Research Background and Motivation

Problem Background

  1. Importance of Diffusion Layers: In symmetric cryptography, Shannon's concept of "confusion and diffusion" forms the foundation of cipher design. The diffusion layer conceals the relationship between ciphertext and plaintext, and MDS matrices provide perfect diffusion due to their maximum branch number.
  2. Computational Efficiency Requirements: In lightweight cryptography applications, MDS matrices must not only provide security but also enable efficient implementation of their inverse matrices.
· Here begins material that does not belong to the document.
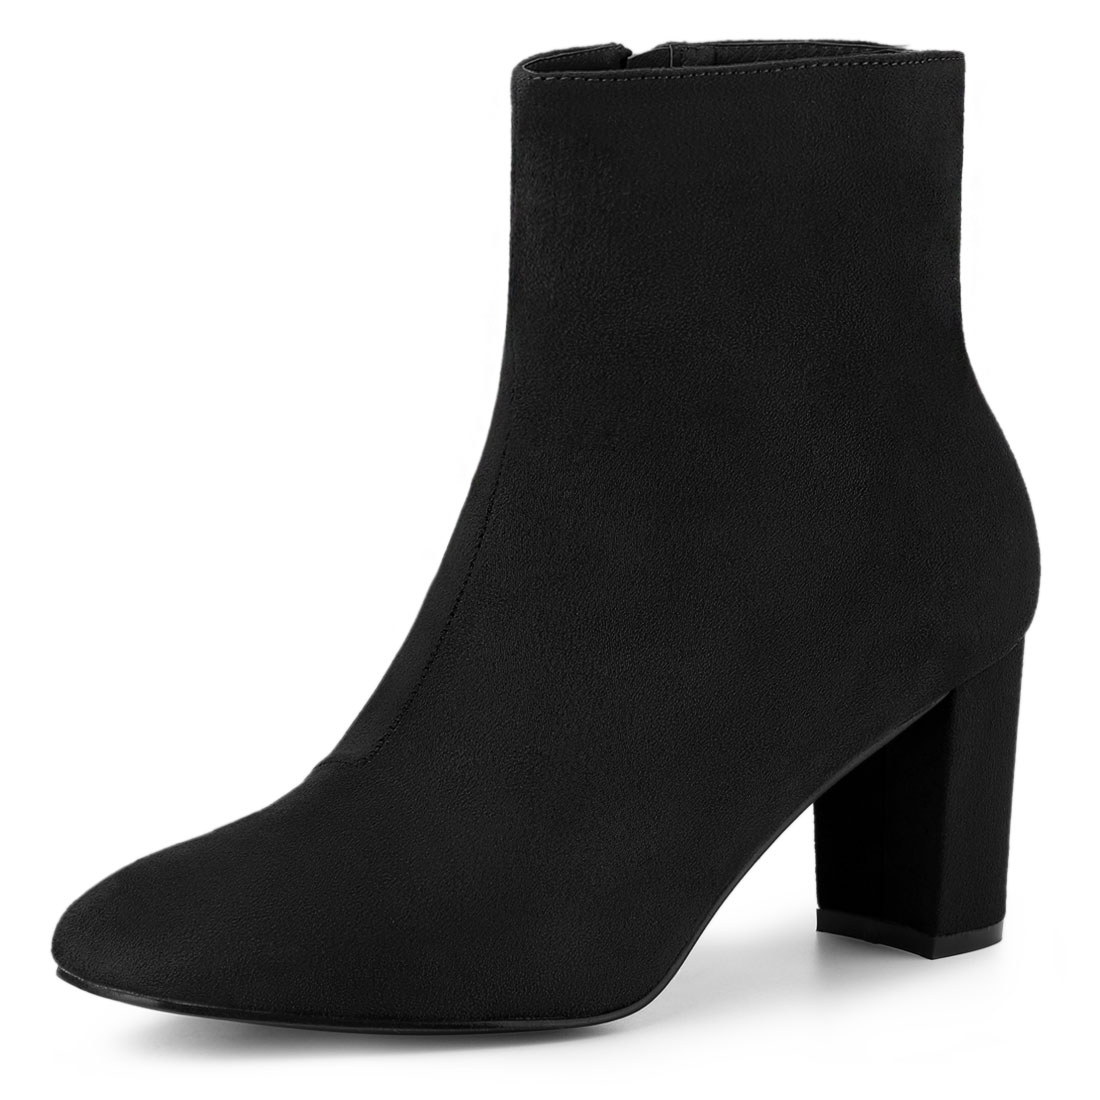 Allegra K Women's Dress Side Zip Chunky Heel Ankle Boots Black US 10

Involutory matrices (A² = I) have received considerable attention because their inverse matrices are themselves.
  3. Limitations of Existing Methods:
    • The search space for involutory MDS matrices is relatively limited
    • Involutory circulant matrices do not exist for certain dimensions
    • A broader class of matrices is needed to expand design choices

Research Motivation

This paper introduces semi-involutory matrices as a generalization of involutory matrices, defined as matrices for which there exist nonsingular diagonal matrices D₁ and D₂ such that M⁻¹ = D₁MD₂. This generalization significantly expands the class of matrices available for cryptographic design.

Core Contributions

  1. Theoretical Characterization: Complete characterization of the structure of all 3×3 irreducible semi-involutory matrices over finite fields of characteristic 2
  2. Construction Method: Provision of necessary and sufficient conditions for constructing 3×3 semi-involutory MDS matrices using only 6 parameters (3 diagonal elements + 3 associated diagonal matrix elements)
  3. Counting Results: Precise computation of the number of 3×3 semi-involutory MDS matrices over F₂ᵐ as (2ᵐ-1)⁵(2ᵐ-2)(2ᵐ-4)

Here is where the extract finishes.